Response to Arguments
Applicant’s arguments with respect to claims 57, 64, 72, and 74 have been considered. The following are the applicant arguments recited in the Remarks followed by Examiner's response:
Applicant argues that Borovikov fails to disclose or suggest is "at least one of a session management function and access mobility management function operating in a communications system... Borovikov explicitly discloses that the mobile device determines trusted wireless access points. (Remarks, pg. 12-13)
Examiner respectfully disagrees. Not only that the mobile device in Borovikov is capable of performing the access mobility management function detailed in the body of the claim and as mapped to Borovikov in the Non-Final Office Action; merely alleging that the prior art is not capable of a named function without adding specific details of what the Applicant means by “a session management function and access mobility management function” that is distinctive from what is already stated in the claim does not help to distinguish the instant application from the prior art.

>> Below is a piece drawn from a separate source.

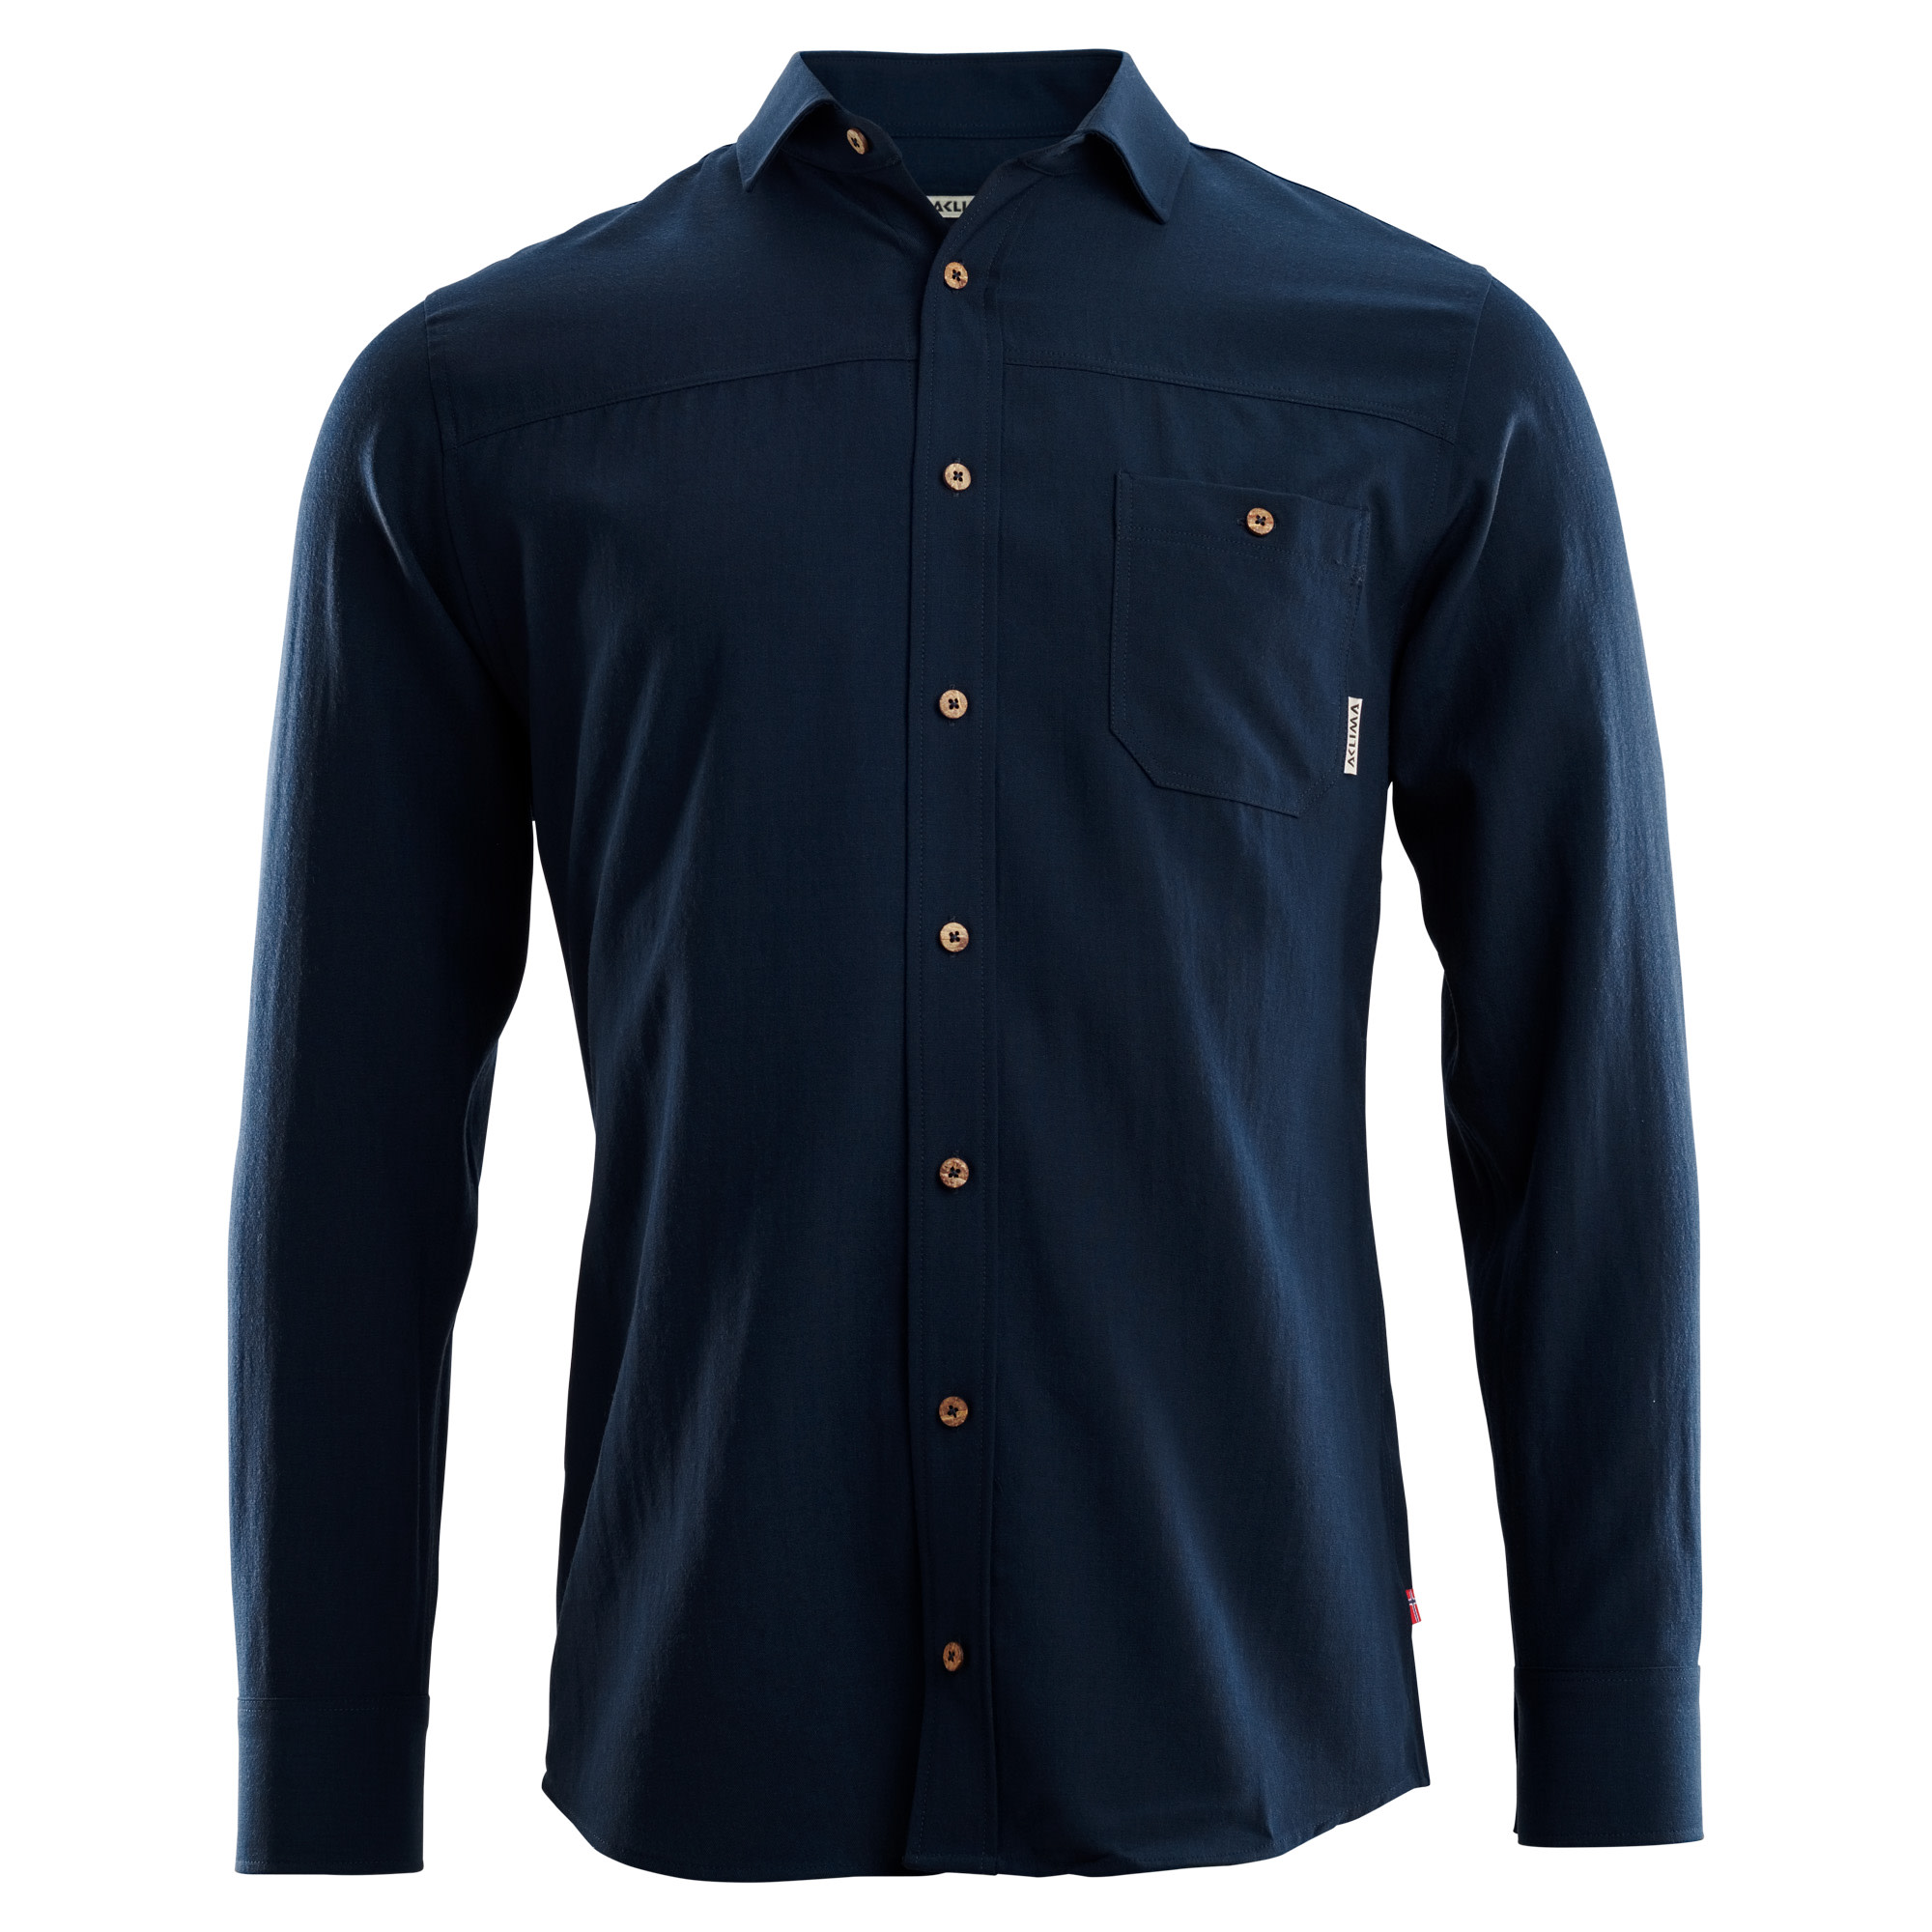 Buy LeisureWool Woven Wool Shirt Man Navy Blazer here | Outnorth

Examiner encourages applicant to further amend the claims to distinguish the invention and clarify the difference with support by the specification.
Claim Rejections - 35 USC § 102
The following is a quotation of the appropriate paragraphs of 35 U.S.C. 102 that form the basis for the rejections under this section made in this Office action:
A person shall be entitled to a patent unless –
(a)(1) the claimed invention was patented, described in a printed publication, or in public use, on sale or otherwise available to the public before the effective filing date of the claimed invention.
(a)(2) the claimed invention was described in a patent issued under section 151, or in an application for patent published or deemed published under section 122(b), in which the patent or application, as the case may be, names another inventor and was effectively filed before the effective filing date of the claimed invention.
Claims 57-62, 64-69, and 72-75 are rejected under 35 U.S.C. 102(a)(1) as being anticipated by Borovikov et al. (US Pat No. 9,742,769 B2, referred to as Borovikov).
Regarding claims 57 and 72, taking claim 57 as exemplary, Borovikov anticipates,
57. A computer-implemented method, performed by a first node, for handling security, the first node beinq at least one of a session management function and access mobility management function operating in a communications system, the method comprising: (Borovikov: Coln. 1, ls. 64-67; determining on the mobile device (first node that is capable of access mobility management) requesting a connection trusted wireless access points that are acceptable for establishing the connection to the network.)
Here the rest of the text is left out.